■ Stored data

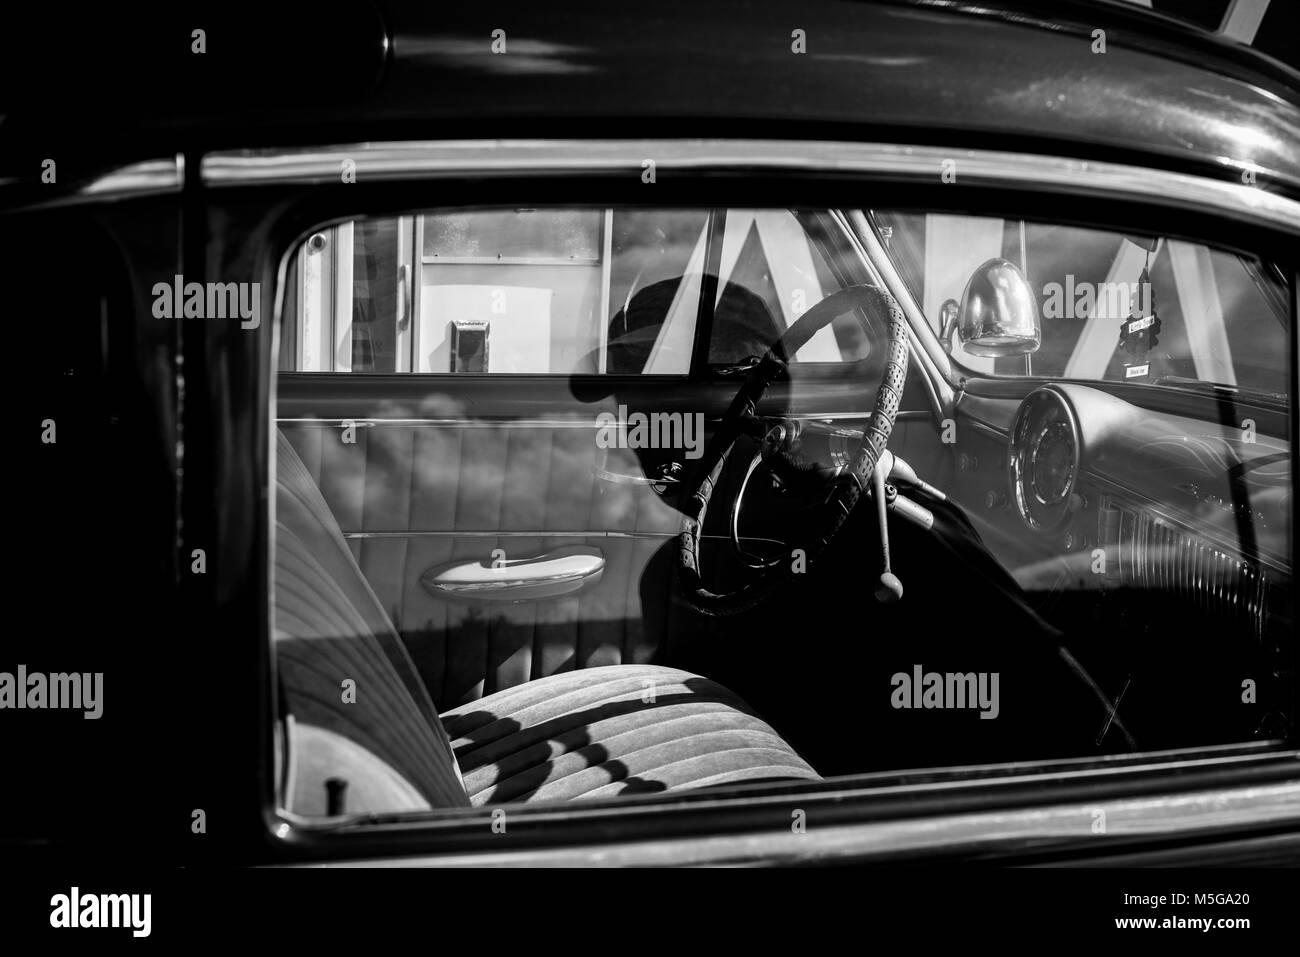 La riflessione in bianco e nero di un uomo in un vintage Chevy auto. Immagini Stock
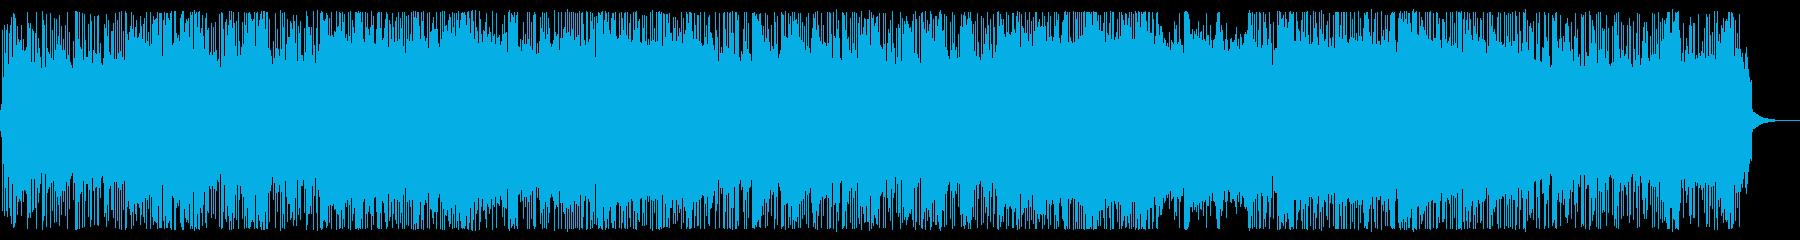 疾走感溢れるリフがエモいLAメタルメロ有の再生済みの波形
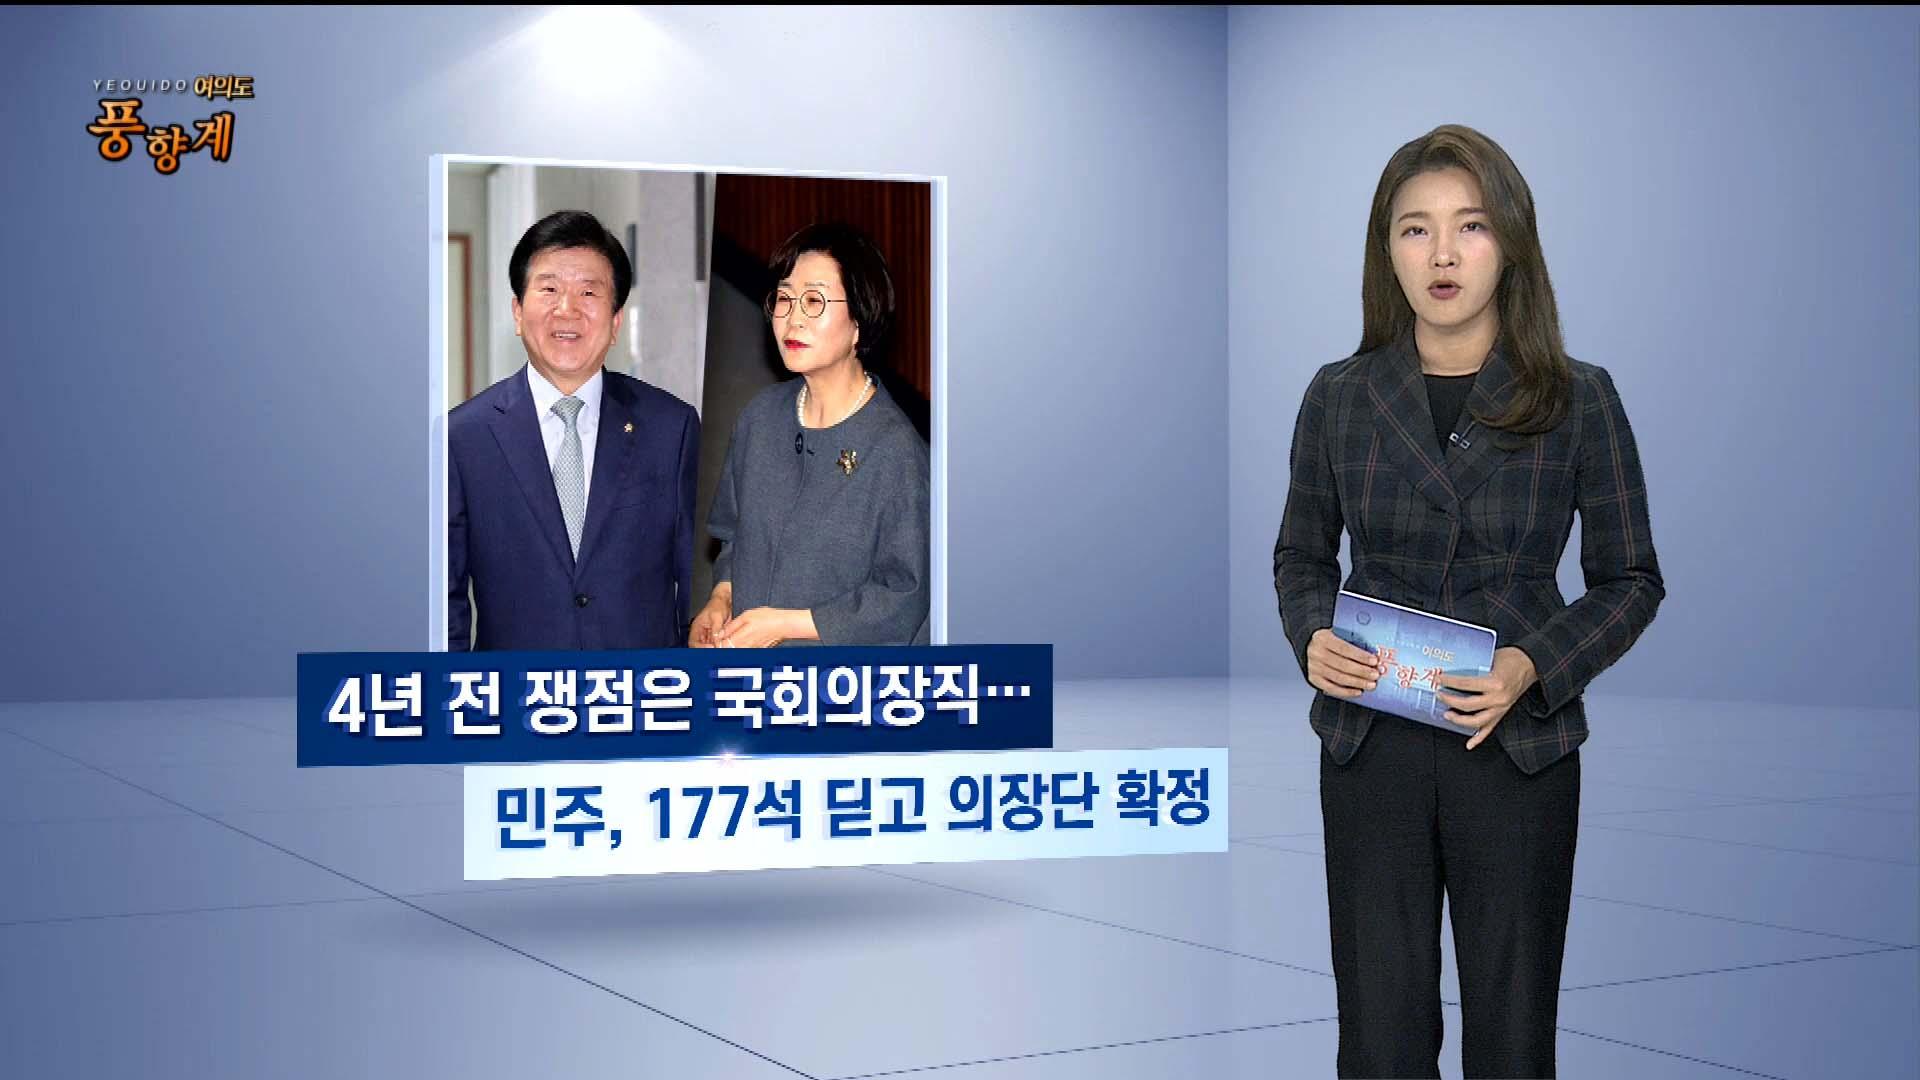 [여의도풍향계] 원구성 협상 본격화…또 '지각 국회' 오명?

■ What this task involves
Make an exact copy of the listing above. Its pictures are not needed.

■ Answer to the problem
 La riflessione in bianco e nero di un uomo in un vintage Chevy auto. Immagini Stock
 疾走感溢れるリフがエモいLAメタルメロ有の再生済みの波形
 [여의도풍향계] 원구성 협상 본격화…또 '지각 국회' 오명?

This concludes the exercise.